Unnamed: 0,sepal_length,sepal_width,petal_length,petal_width,label
0,5.1,3.5,1.4,0.2,Iris-setosa
1,4.9,3.0,1.4,0.2,Iris-setosa
2,4.7,3.2,1.3,0.2,Iris-setosa
3,4.6,3.1,1.5,0.2,Iris-setosa
4,5.0,3.6,1.4,0.2,Iris-setosa


In [4]:
# Types of lables
df['label'].unique()

array(['Iris-setosa', 'Iris-versicolor', 'Iris-virginica'], dtype=object)

In [5]:
# Frequency plot
df['label'].value_counts().plot(kind='bar')

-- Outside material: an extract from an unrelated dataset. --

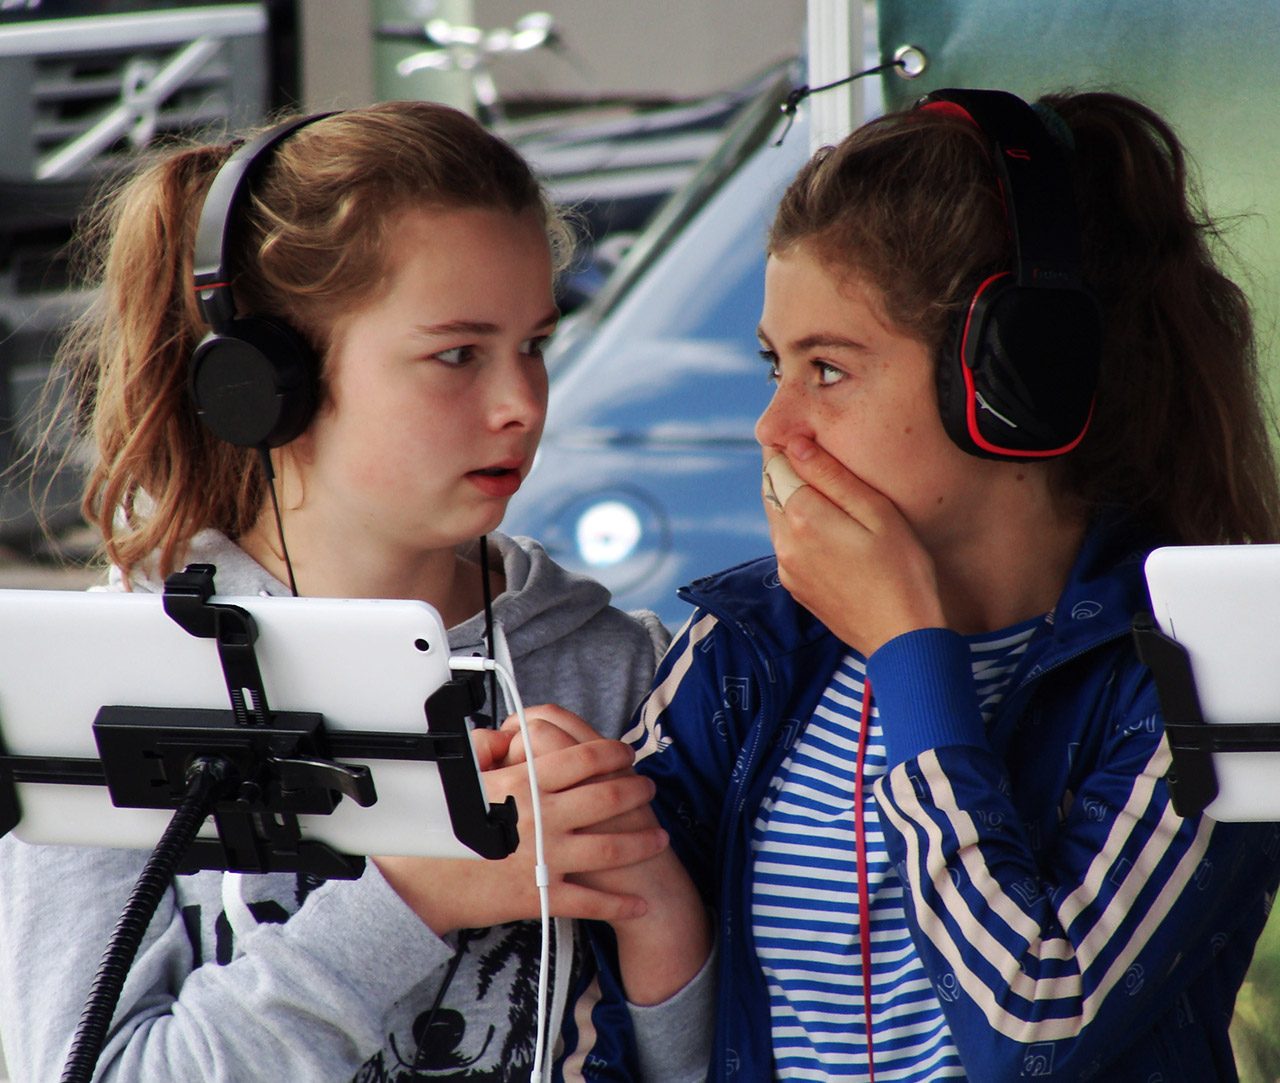 Two girls watching videos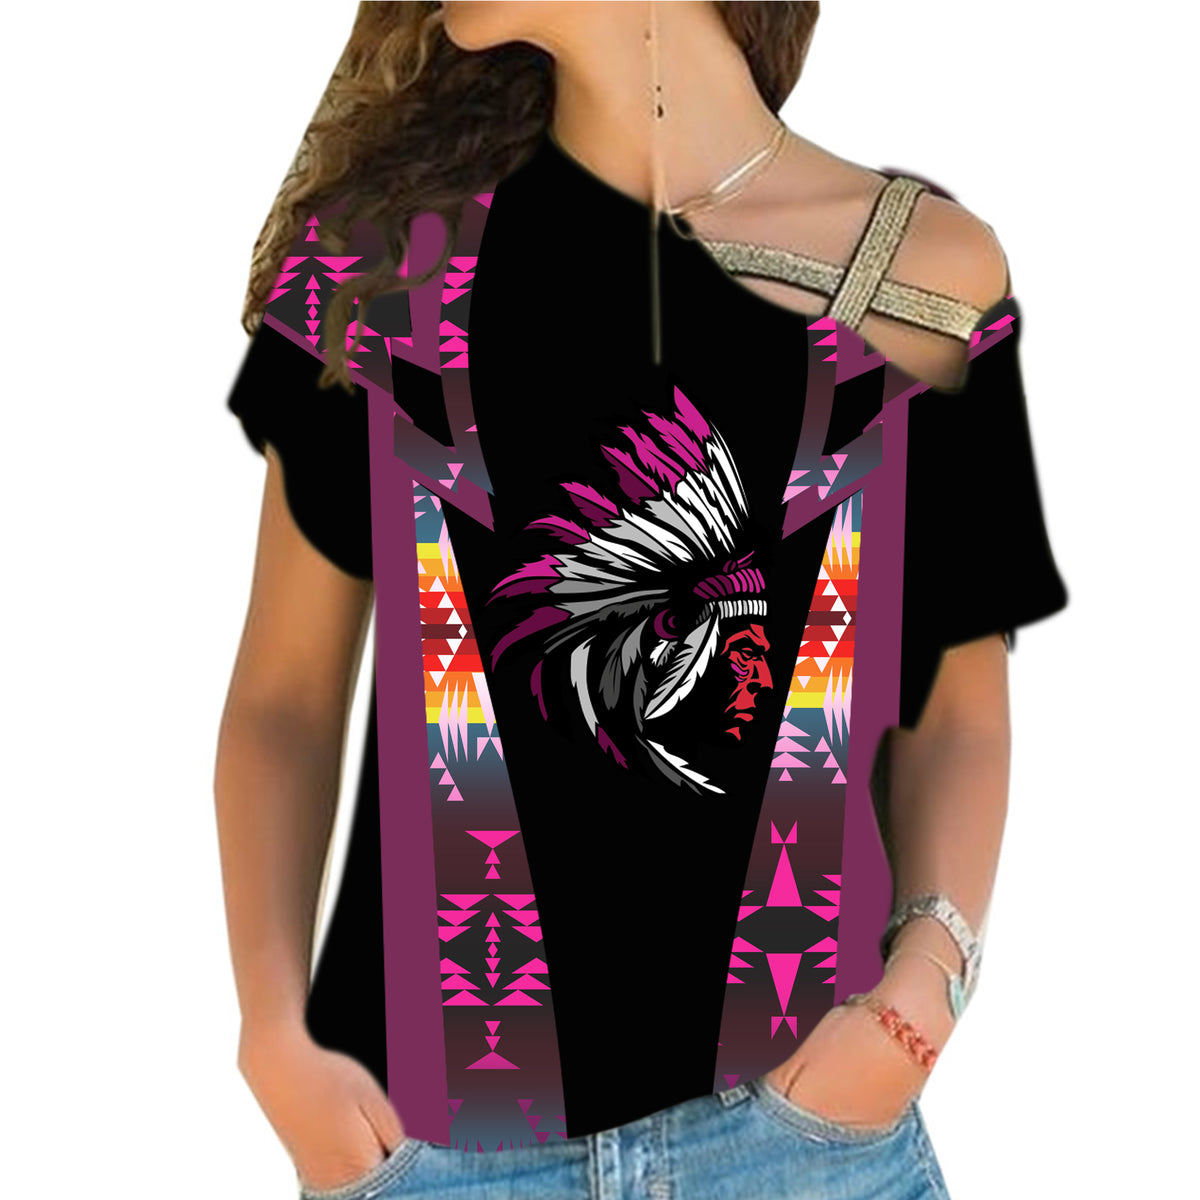 Powwow StoreCRS0001206 Native American Cross Shoulder Shirt

<matplotlib.axes._subplots.AxesSubplot at 0x238a0b1a518>

## Helper functions

In [6]:
def train_test_split(df, test_size=0.8, random_state=None):
    train_df = df.sample(frac=test_size, random_state=random_state)
    test_df = df[~df.index.isin(train_df.index)]
    return train_df.sort_index(), test_df.sort_index()

In [7]:
def accuracy_score_classification(y_true, y_pred):
    accuracy = np.sum(y_true == y_pred, axis=0) / len(y_true)
    return accuracy

In [8]:
def accuracy_score_regression(y_true, y_pred):
    rmse = np.sqrt(np.sum((y_true - y_pred)**2) / len(y_true)) # RMSE
    return rmse

## Algorithm Classes

- DecisionStump()
- BaseBoostingAlgorithm()
- AdaBoostClassifier()
- AdaBoostRegressor()

In [9]:
class DecisionStump():
    def __init__(self):
        # Feature/Attribute Index to consider for splitting
        self.decision_feature_index = None
        # Exact value from Feature/Attribute to split on
        self.decision_threshold_value = None
        # Stump importance / weight
        self.weight = None
        # Stump error
        self.error = None
        # Left leaf value
        self.left_leaf_value = None
        # Right leaf value
        self.right_leaf_value = None
        # Stump decision compartor 
        self.decision_comparator = None
        print("New Stump Created!")

In [23]:
class BaseBoostingAlgorithm():
    def __init__(self, n_learners):
        self.n_learners = n_learners
        
    def fit(self, X, y):
        # Store all weak learners (Weak learner -> A decsion stump)
        self.learners = []
        # Identify each feature type in input X and store as list
        self.feature_types = self._determine_type_of_feature(X)
        # Concatenate input and output
        self.data = np.concatenate((X, np.expand_dims(y, axis=1)), axis=1)
        # Initialize weight for each example as 1/N (where N -> total number of examples)
        self.sample_weight = np.full(len(self.data), np.divide(1, len(self.data)))        
        print(self.feature_types)
        print(self.ml_task)
        
        # Iterate and build learners
        for i_boost in range(self.n_learners):
            # Instantiate a new decision stump object
            learner = DecisionStump()
            # Find and Perform split over best feature 
            potential_splits = self._get_potential_splits(self.data)
            
            split_column_index, split_value, metric = self._determine_best_split(self.data, self.sample_weight, potential_splits, self.ml_task)
            left_node_data, right_node_data = self._split_data(self.data, split_column_index, split_value)
            print(f'split_column_index: {split_column_index}, split_value: {split_value}')
            print(f'Change in overall_metric: {metric}')
            # Compute Leaf values
            left_leaf_value = self._create_leaf(left_node_data, self.ml_task)
            right_leaf_value = self._create_leaf(right_node_data, self.ml_task)
            print(f'Left leaf: {left_leaf_value}, Right leaf: {right_leaf_value}')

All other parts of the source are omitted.